Самые разнообразные предположения того, о чем он сбирается говорить с нею, промелькнули у нее в голове: «он станет просить меня переехать к ним гостить с детьми, и я должна буду отказать ему; или о том, чтобы я в Москве составила круг для Анны... Или не о Васеньке ли Весловском и его отношениях к Анне? А может быть, о Кити, о том, что он чувствует себя виноватым?» Она предвидела всё только неприятное, но не угадала того, о чем он хотел говорить с ней.

— Вы имеете такое влияние на Анну, она так любит вас, — сказал он, — помогите мне.

Дарья Александровна вопросительно-робко смотрела на его энергическое лицо, которое то всё, то местами выходило на просвет солнца в тени лип, то опять омрачалась тенью, и ожидала того, что он скажет дальше; но он, цепляя тростью за щебень, молча шел подле нее.

— Если вы приехали к нам, вы, единственная женщина из прежних друзей Анны — я не считаю княжну Варвару, — то я понимаю, что вы сделали это не потому, что вы считаете наше положение нормальным, но потому, что вы, понимая всю тяжесть этого положения, всё так же любите ее и хотите помочь ей. Так ли я вас понял? — спросил он, оглянувшись на нее.

— О, да, — складывая зонтик, ответила Дарья Александровна, — но...

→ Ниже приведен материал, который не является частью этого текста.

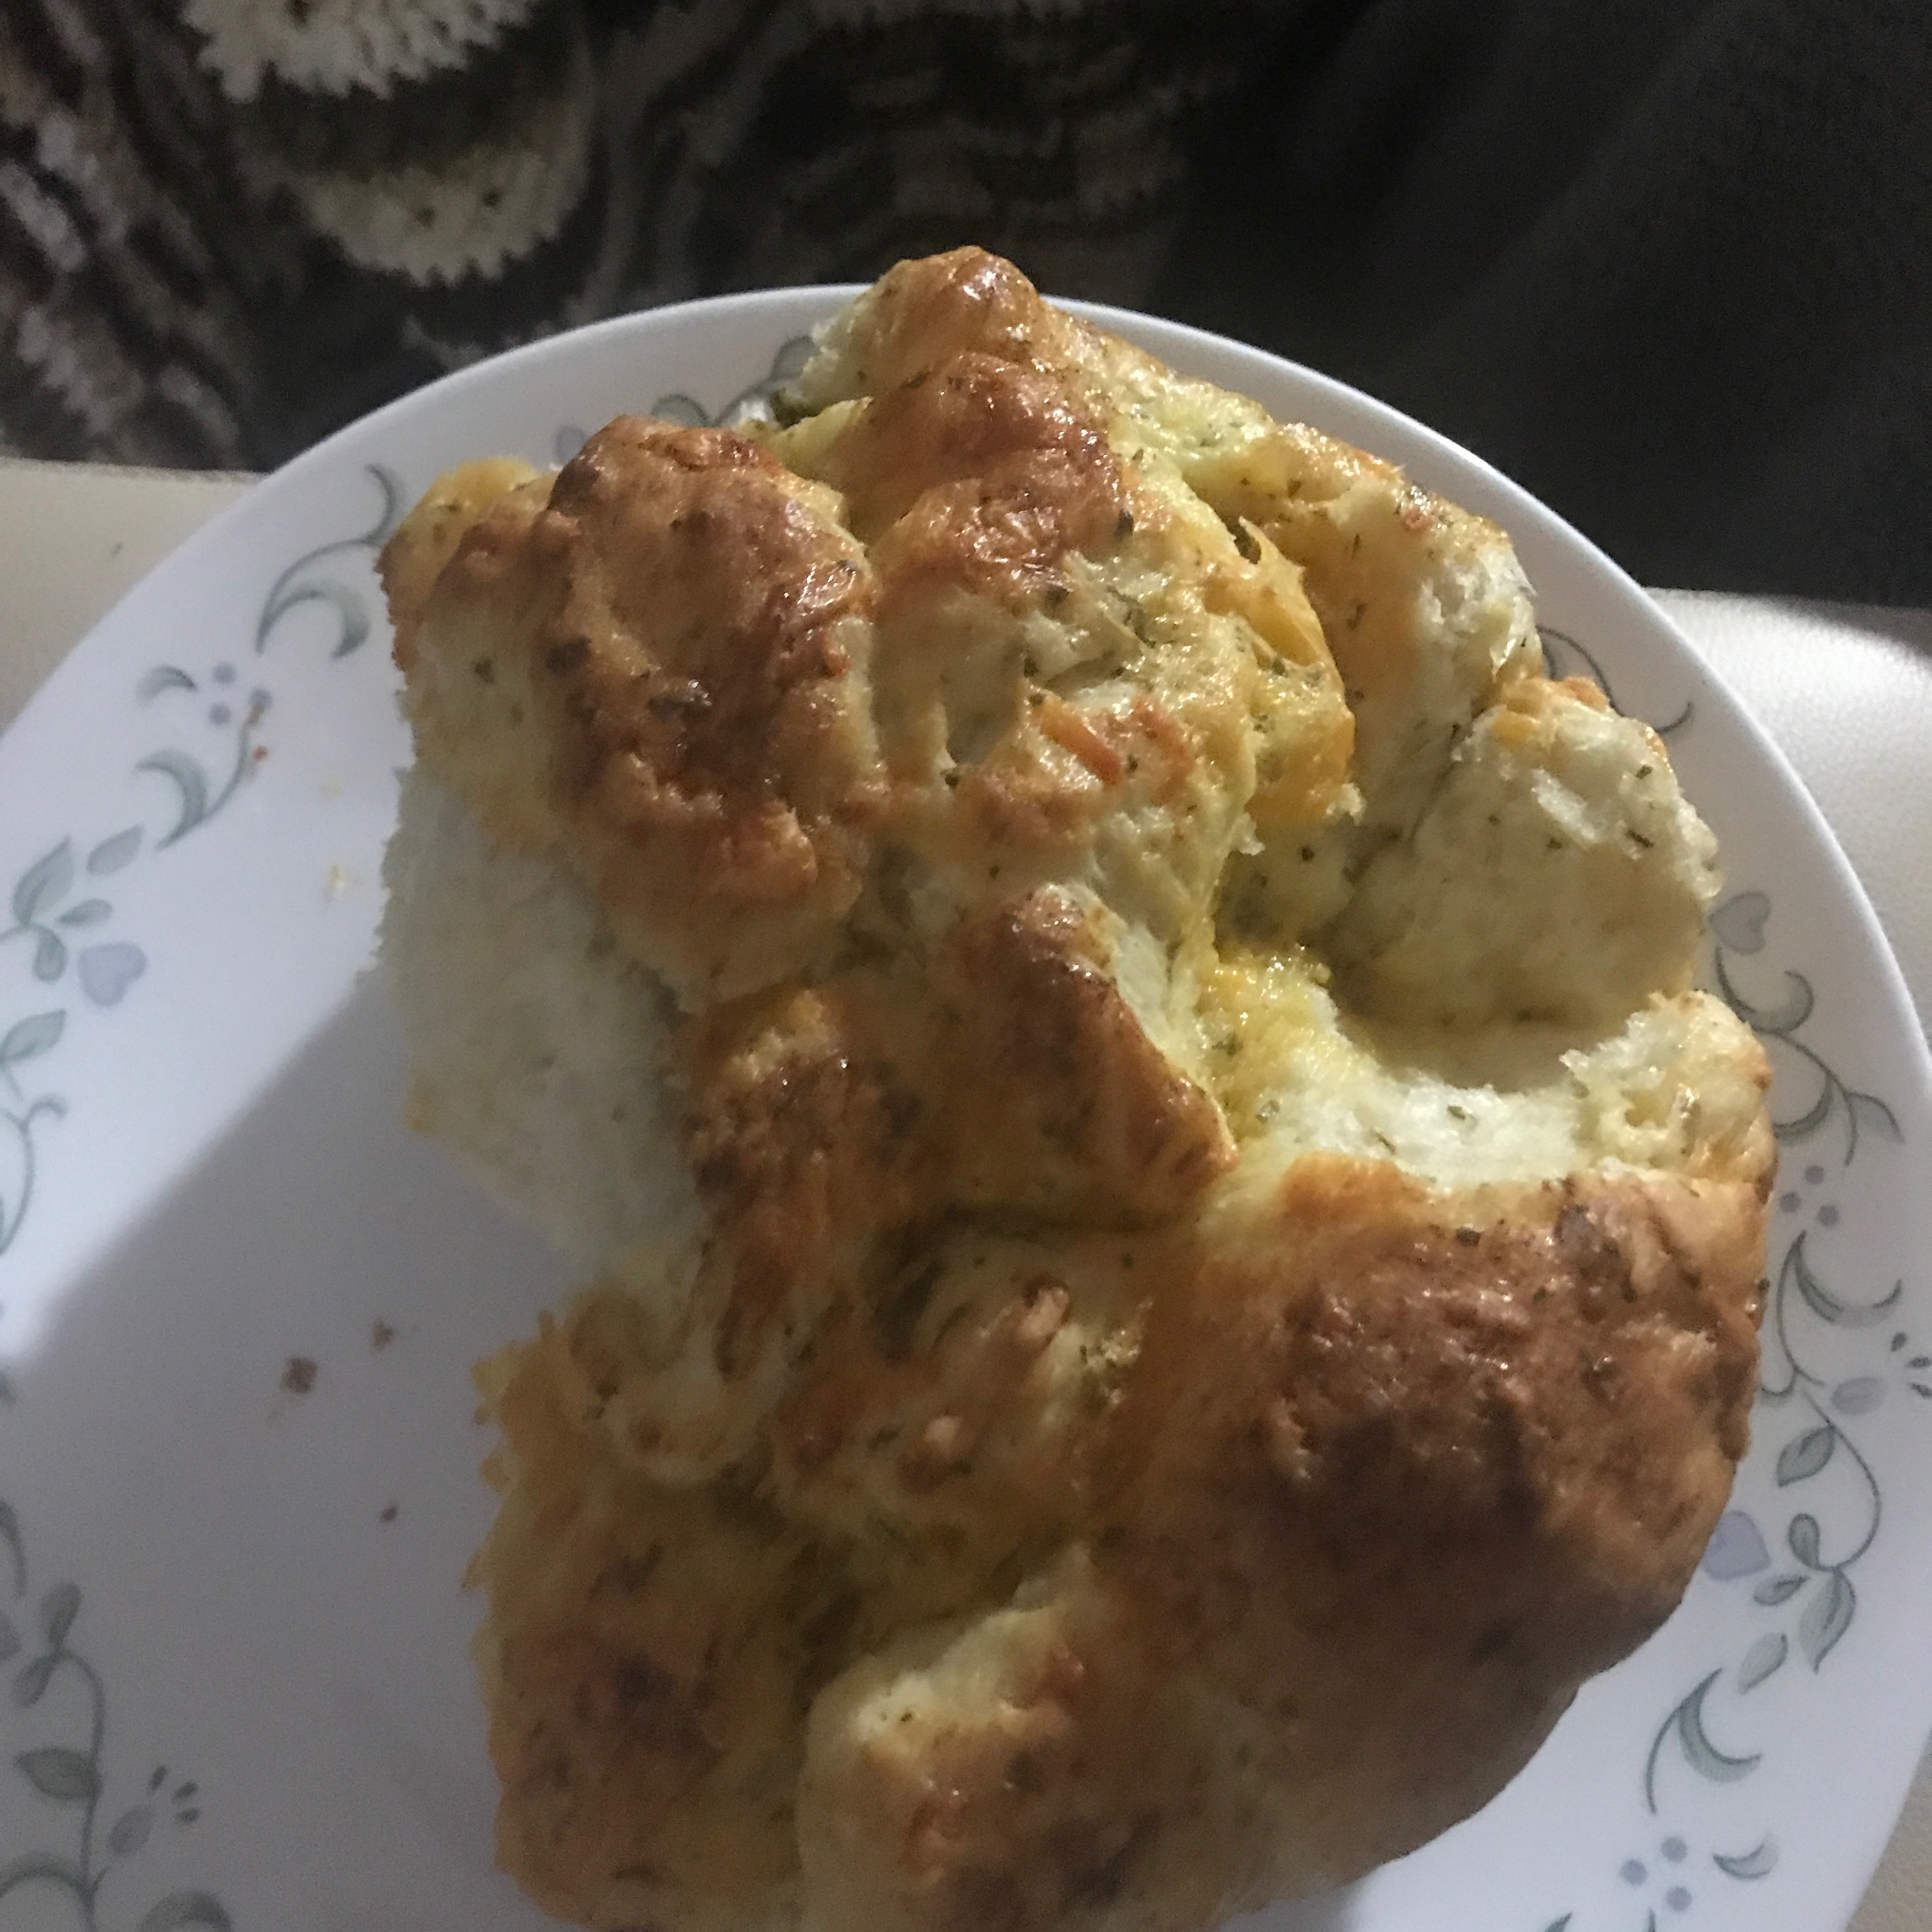 Delicious Bread rivetts
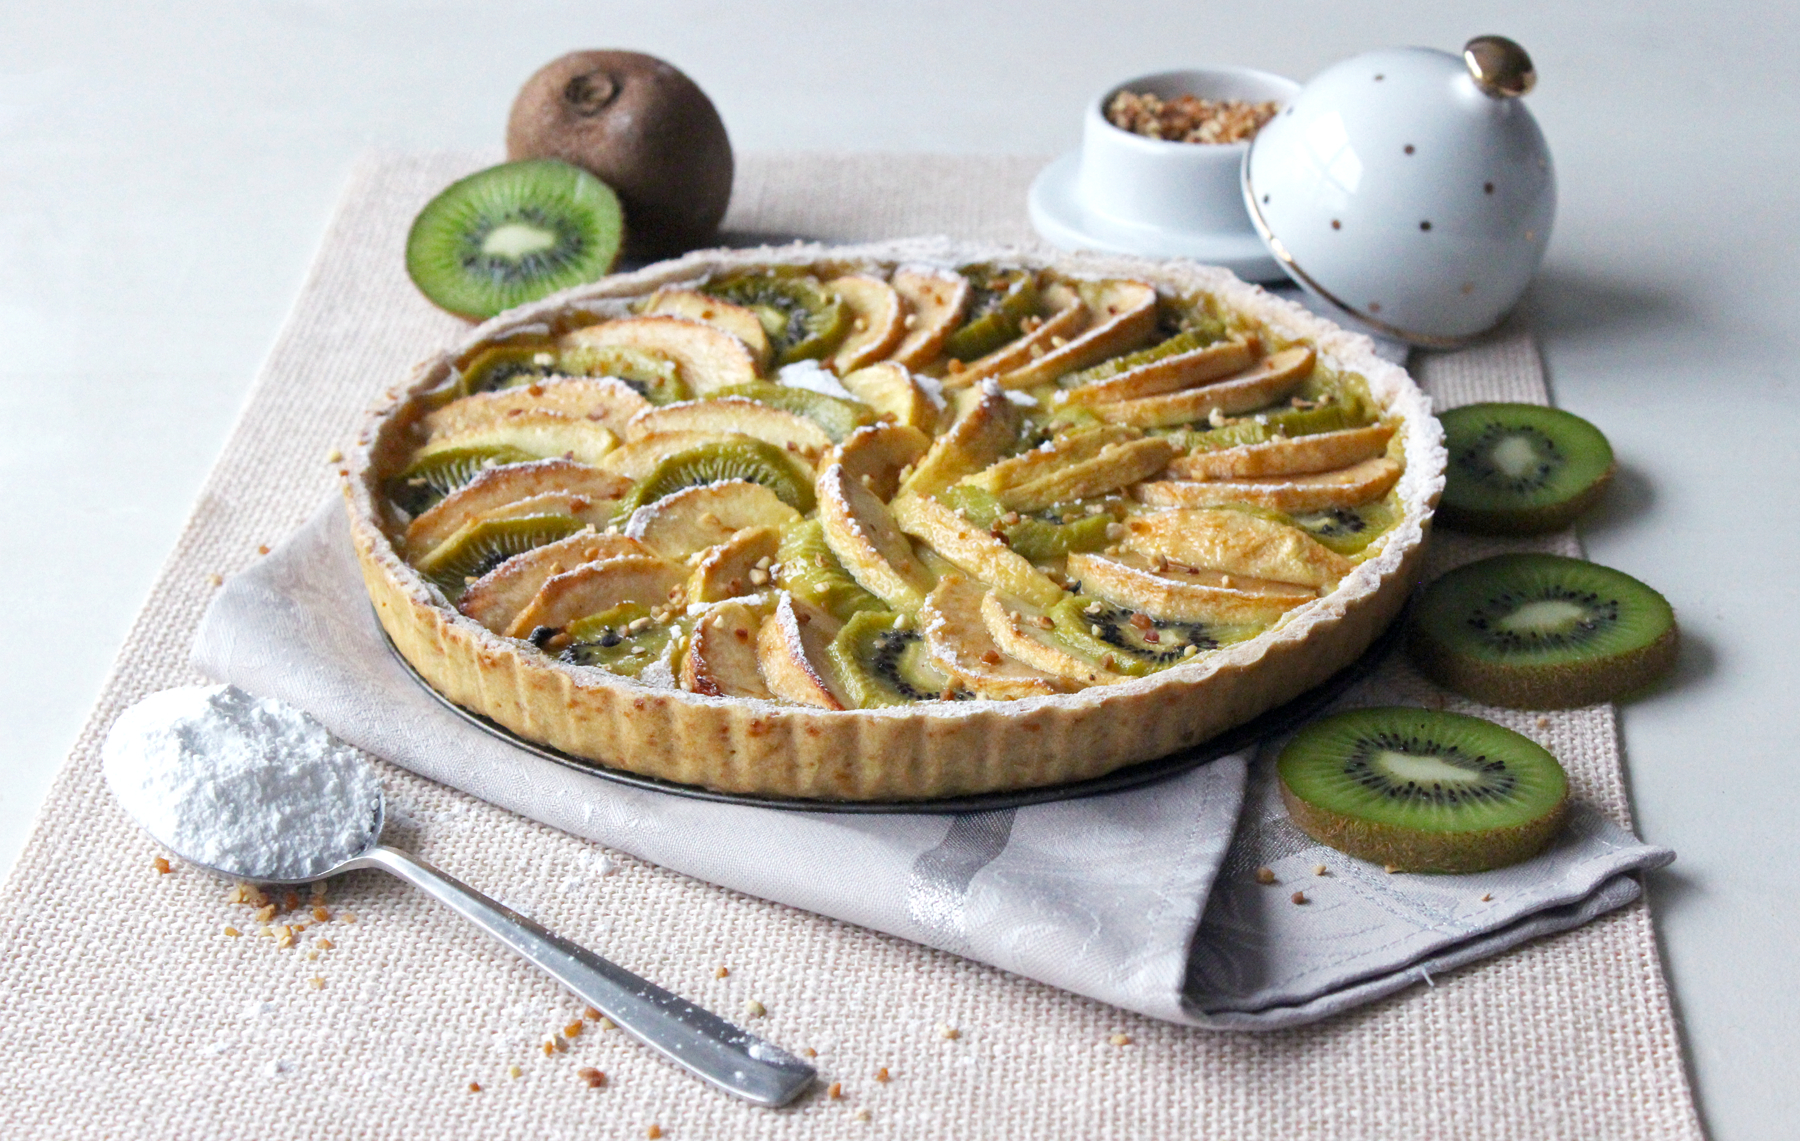 Tarte Végane Aux Pommes, Kiwis Et Crème Pâtissière – Le concernant Tarte Pomme Banane Kiwi

— Нет, — перебил он и невольно, забывшись, что он этим ставит в неловкое положение свою собеседницу, остановился, так что и она должна была остановиться. — Никто больше и сильнее меня не чувствует всей тяжести положения Анны. И это понятно, если вы делаете мне честь считать меня за человека, имеющего сердце. Я причиной этого положения, и потому я чувствую его.

— Я понимаю, — сказала Дарья Александровна, невольно любуясь им, как он искренно и твердо сказал это. — Но именно потому, что вы себя чувствуете причиной, вы преувеличиваете, я боюсь, — сказала она. — Положение ее тяжело в свете, я понимаю.

— В свете это ад! — мрачно нахмурившись, быстро проговорил он. — Нельзя представить себе моральных мучений хуже тех, которые она пережила в Петербурге в две недели... и я прошу вас верить этому.

— Да, но здесь, до тех пор, пока ни Анна... ни вы не чувствуете нужды в свете...

— Свет! — с презрением сказал он. — Какую я могу иметь нужду в свете?

— До тех пор — а это может быть всегда — вы счастливы и спокойны. Я вижу по Анне, что она счастлива, совершенно счастлива, она успела уже сообщить мне, — сказала Дарья Александровна улыбаясь; и невольно, говоря это, она теперь усумнилась в том, действительно ли Анна счастлива.

Но Вронский, казалось, не сомневался в этом.

— Да, да, — сказал он. — Я знаю, что она ожила после всех ее страданий; она счастлива. Она счастлива настоящим. Но я?.. я боюсь того, что ожидает нас... Виноват, вы хотите итти?

— Нет, всё равно.

— Ну, так сядемте здесь.

Дарья Александровна села на садовую скамейку в углу аллеи. Он остановился пред ней.

— Я вижу, что она счастлива, — повторил он, и сомнение в том, счастлива ли она, еще сильнее поразило Дарью Александровну. — Но может ли это так продолжаться? Хорошо ли, дурно ли мы поступили, это другой вопрос; но жребий брошен, — сказал он, переходя с русского на французский язык, — и мы связаны на всю жизнь. Мы соединены самыми святыми для нас узами любви. У нас есть ребенок, у нас могут быть еще дети. Но закон и все условия нашего положения таковы, что являются тысячи компликаций, которых она теперь, отдыхая душой после всех страданий и испытаний, не видит и не хочет видеть. И это понятно. Но я не могу не видеть. Моя дочь по закону — не моя дочь, а Каренина. Я не хочу этого обмана! — сказал он с энергическим жестом отрицания и мрачно-вопросительно посмотрел на Дарью Александровну.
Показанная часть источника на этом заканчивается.